Using MQTT as the communication protocol with Victron products can be accomplished in a number of ways. Enabling the MQTT broker on the Victron communication center (Cerbo GX or equivalent) is the simplest way forward. While this works fine, it enables topics for every data point availabe, which can number in the thousands. An aternative method, that is covered here, uses Node-RED to publish only the topics that are required to an existing MQTT broker.

Positives

  • Only selected MQTT topics are published
  • Easy to find new data points to publish
  • Can setup MQTT discovery in Home Assistant

Negatives

  • More complicated initial setup
  • Requires running Node-Red

Installation

Installing Node-RED on a Victron control device is fairly straightforward. Just follow the current Victron documentation↗ .

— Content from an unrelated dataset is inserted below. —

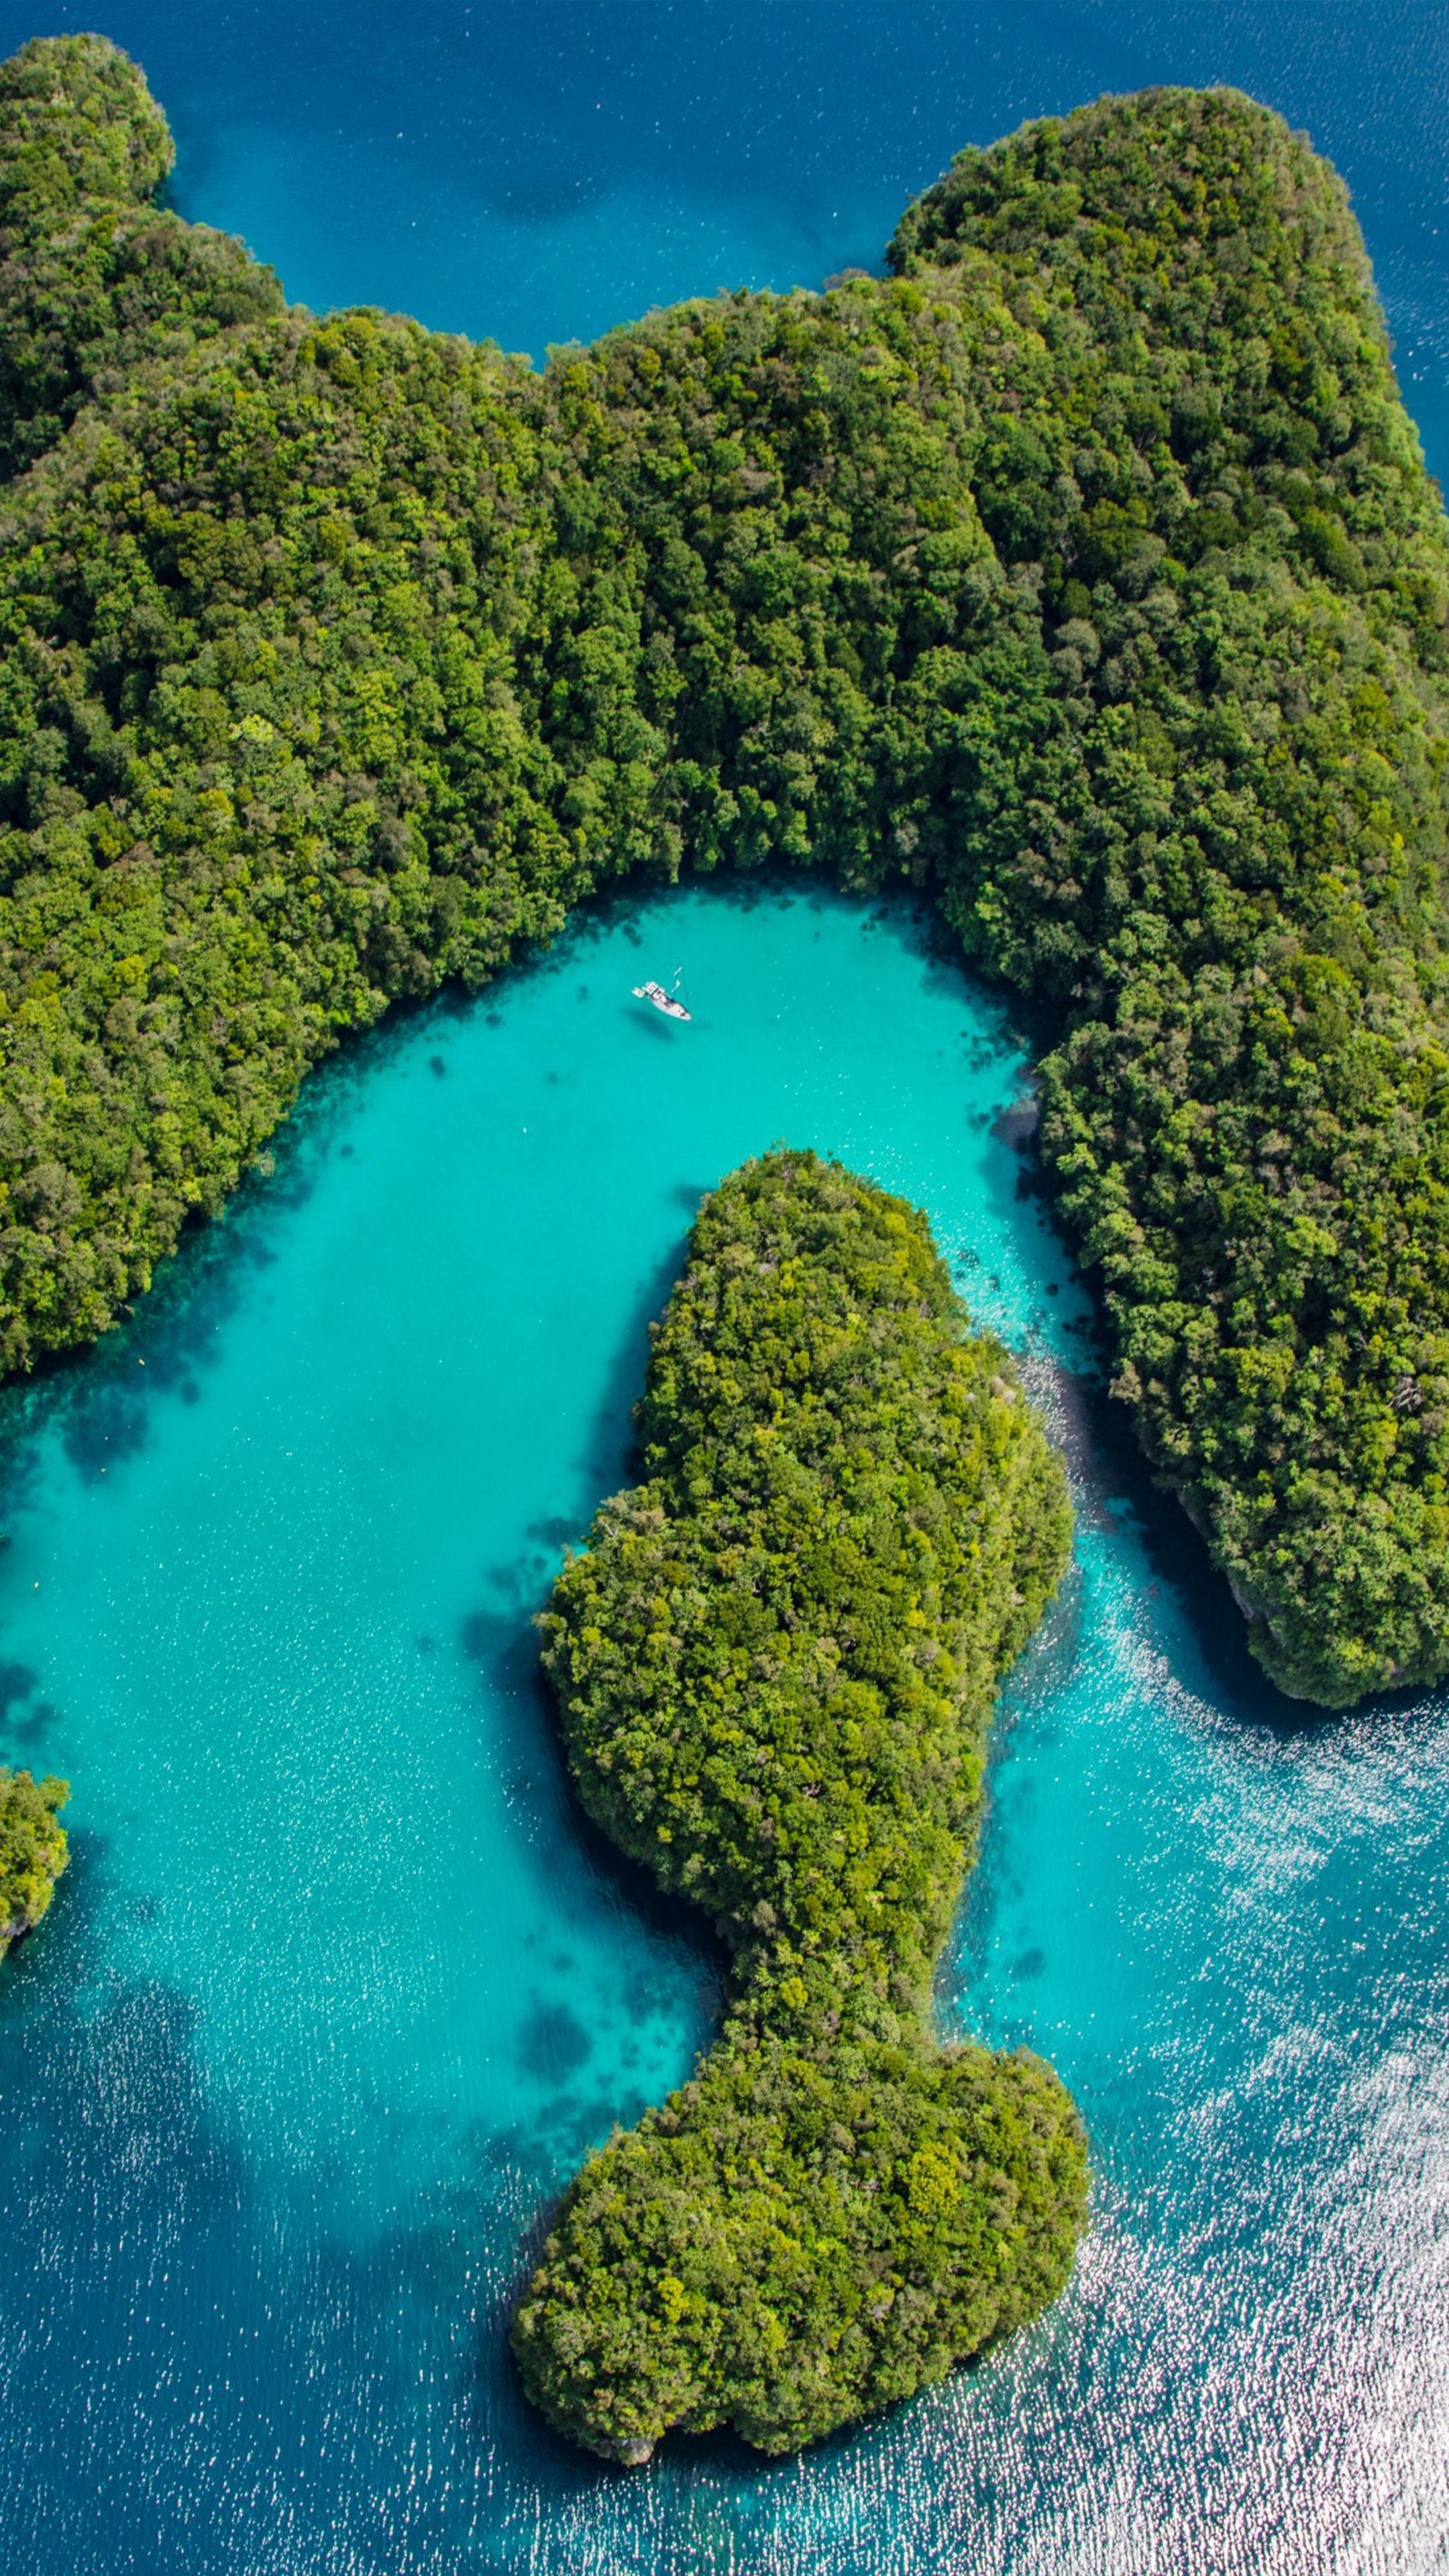 Palau Islands Philippines Ocean Free 4k Ultra Hd Mobile Wallpaper

The general proceedure is:

  1. Go to your Venus OS device (webui or display)
  2. Settings -> General -> Firmware -> Online updates -> Image type
  3. Change from Normal to Large and install
  4. Verify the Large image was installed by going to Settings -> Integrations and seeing that Venus OS Large features are available
  5. Enable the Node-RED integration

Accessing Venus OS Node-RED

The easiest way to access Node-RED on your Victron device is to go port 1881 on the IP of your Venus OS device. An example of this might be http://1.2.3.4:1881 or https://1.2.3.4:1881 depending on whether you have TLS configured.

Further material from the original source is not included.